OG Anunoby’s family story is one of loss, discipline and a father determined to keep a house together after tragedy. Born in 1997 to Ogugua Chigbogu Damian Anunoby Sr. and Grace Ndidi Okereke, the Knicks forward lost his mother to cancer in 1998, when he was 1 year old, and later lost his father in 2018.
That history matters now because Anunoby is a central figure for New York, and the roots of his approach to basketball and daily life run back to the home his parents built. Ogugua Sr. and Grace married in London in 1988 before the family settled in Jefferson City, Missouri, where his father worked as a professor at Lincoln University and insisted that his son read for an hour each night.
Grace had her own athletic background, competing nationally in track and field as a sprinter and jumper, and Ogugua Sr. would later describe her as a champion athlete. He also pushed his children toward structure and achievement, telling a family friend that they tried to raise a proper family and that they valued hard work, order and success. For Anunoby, that meant more than schoolwork.

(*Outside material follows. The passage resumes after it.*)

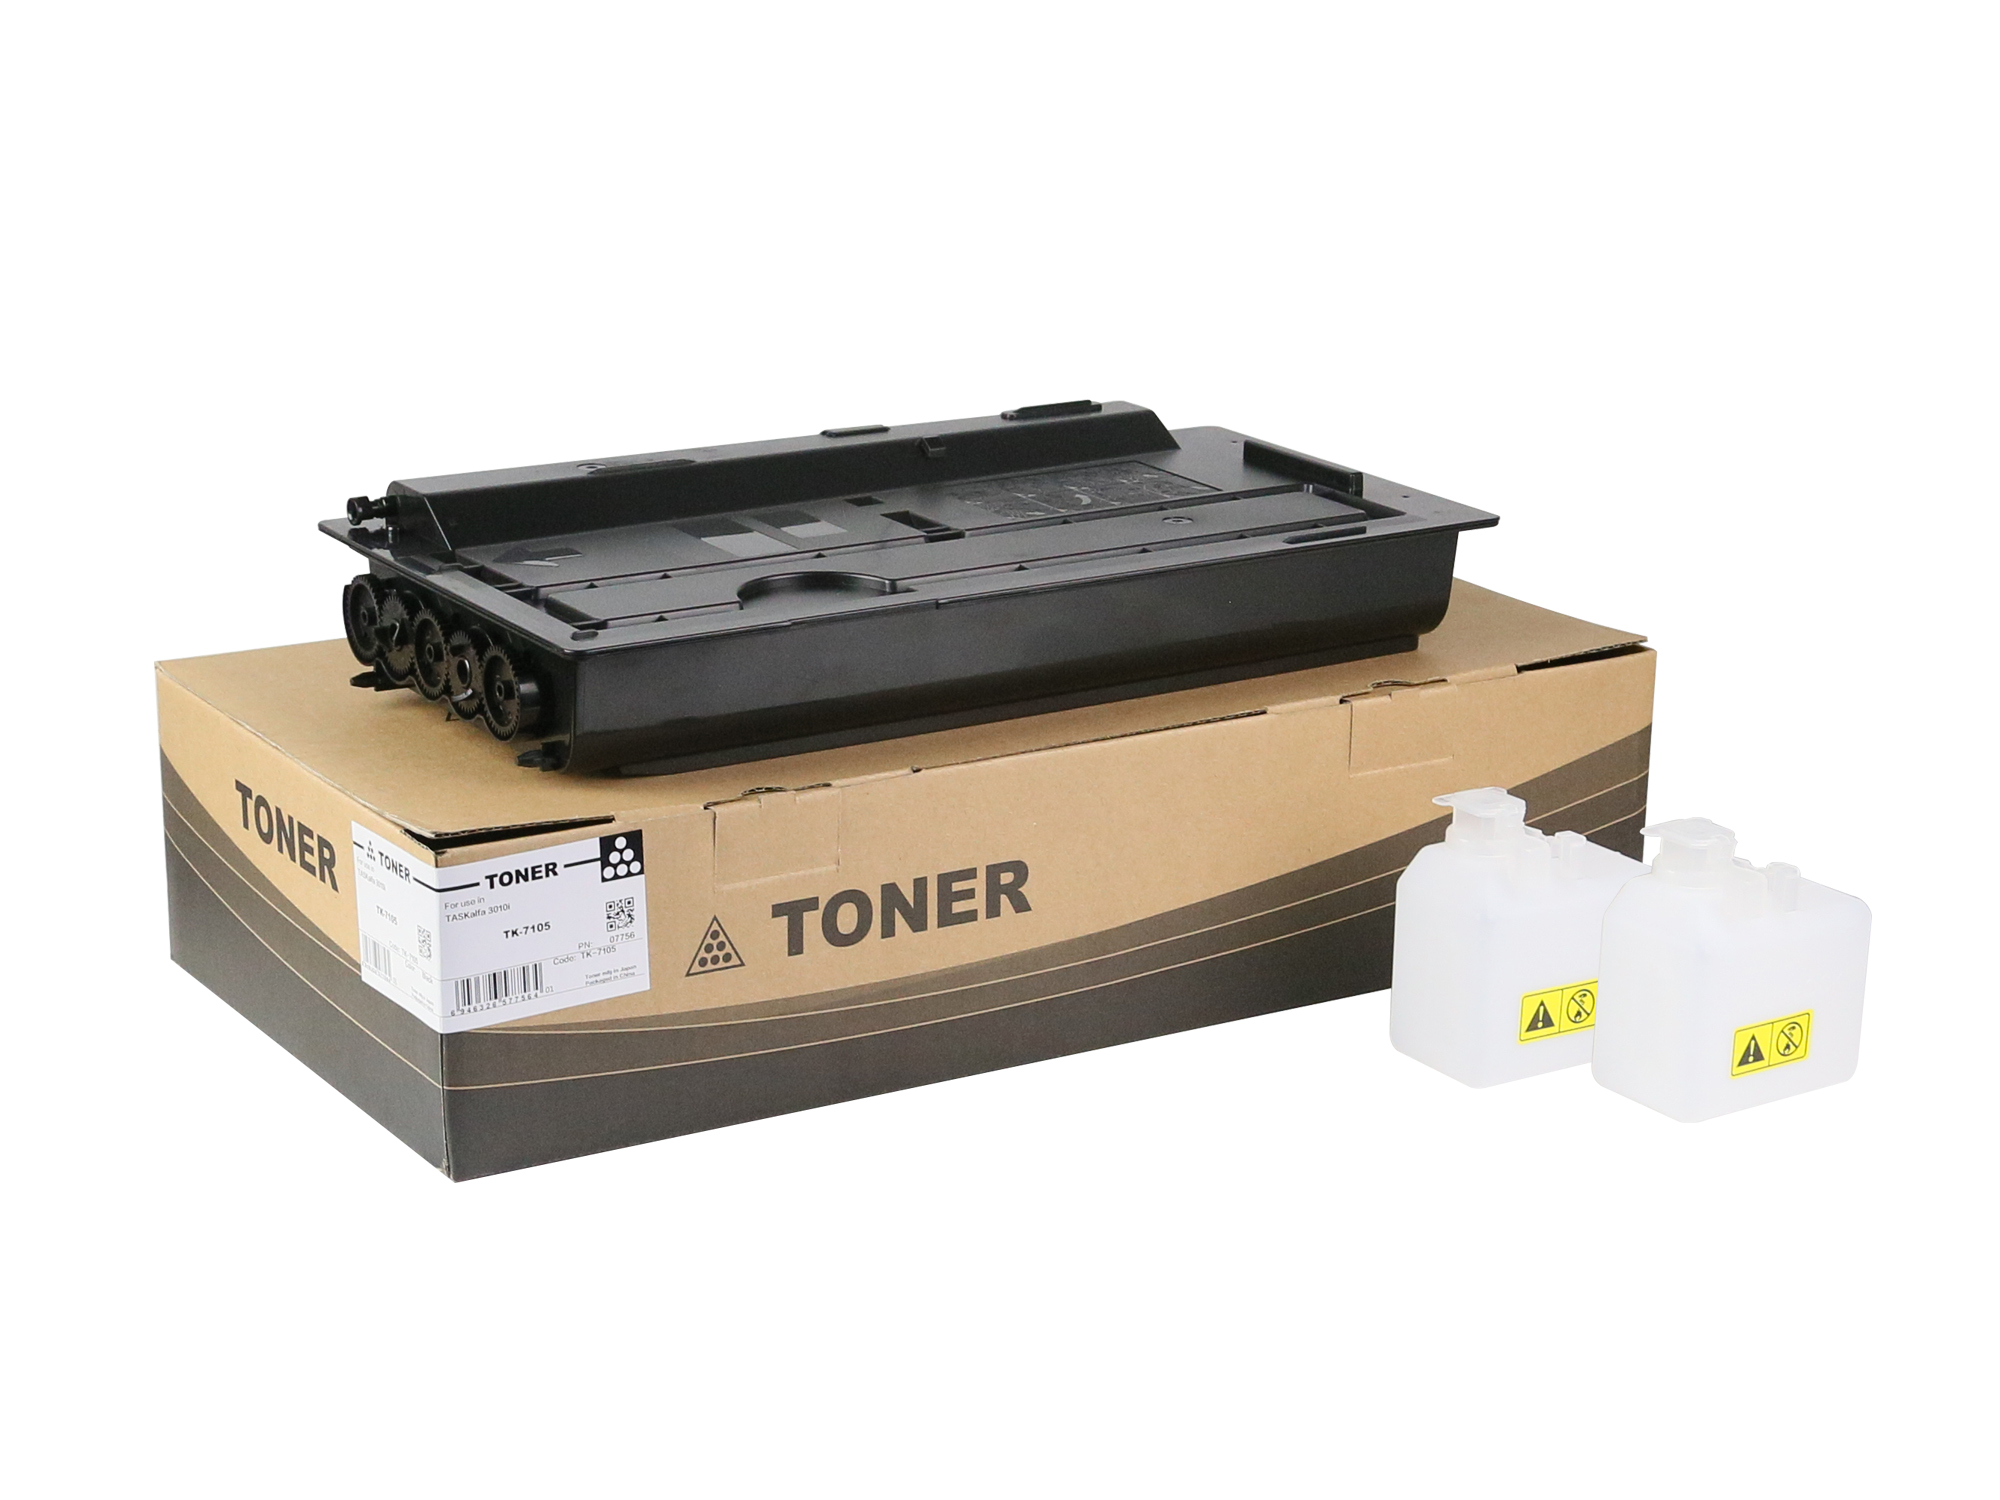 TK-7105 Toner Cartridge for Kyocera TASKalfa 3010i

As a child, he showed promise as a baseball pitcher and asked for a basketball hoop for the backyard, eventually getting a 12-foot adjustable model that cost several hundred dollars.
The family picture, though, is not perfectly simple. Ogugua Sr. is described as a single father who raised OG and his siblings after Grace died, but it is not entirely clear whether all seven children were shared between the two parents. What is clear is that the household left a mark. Anunoby’s older brother, Chigbogu “Chigbo” Anunoby, went on to play defensive tackle at Morehouse College and later signed with the Indianapolis Colts as an undrafted free agent in 2012, while OG himself went on to become an NBA player after being selected in the 2017 NBA Draft.
That leaves the most important part of the story already answered. Anunoby’s rise was not built in isolation; it was shaped by a mother whose athleticism stayed in the family memory, a father who demanded discipline, and a home that kept going after both parents were gone.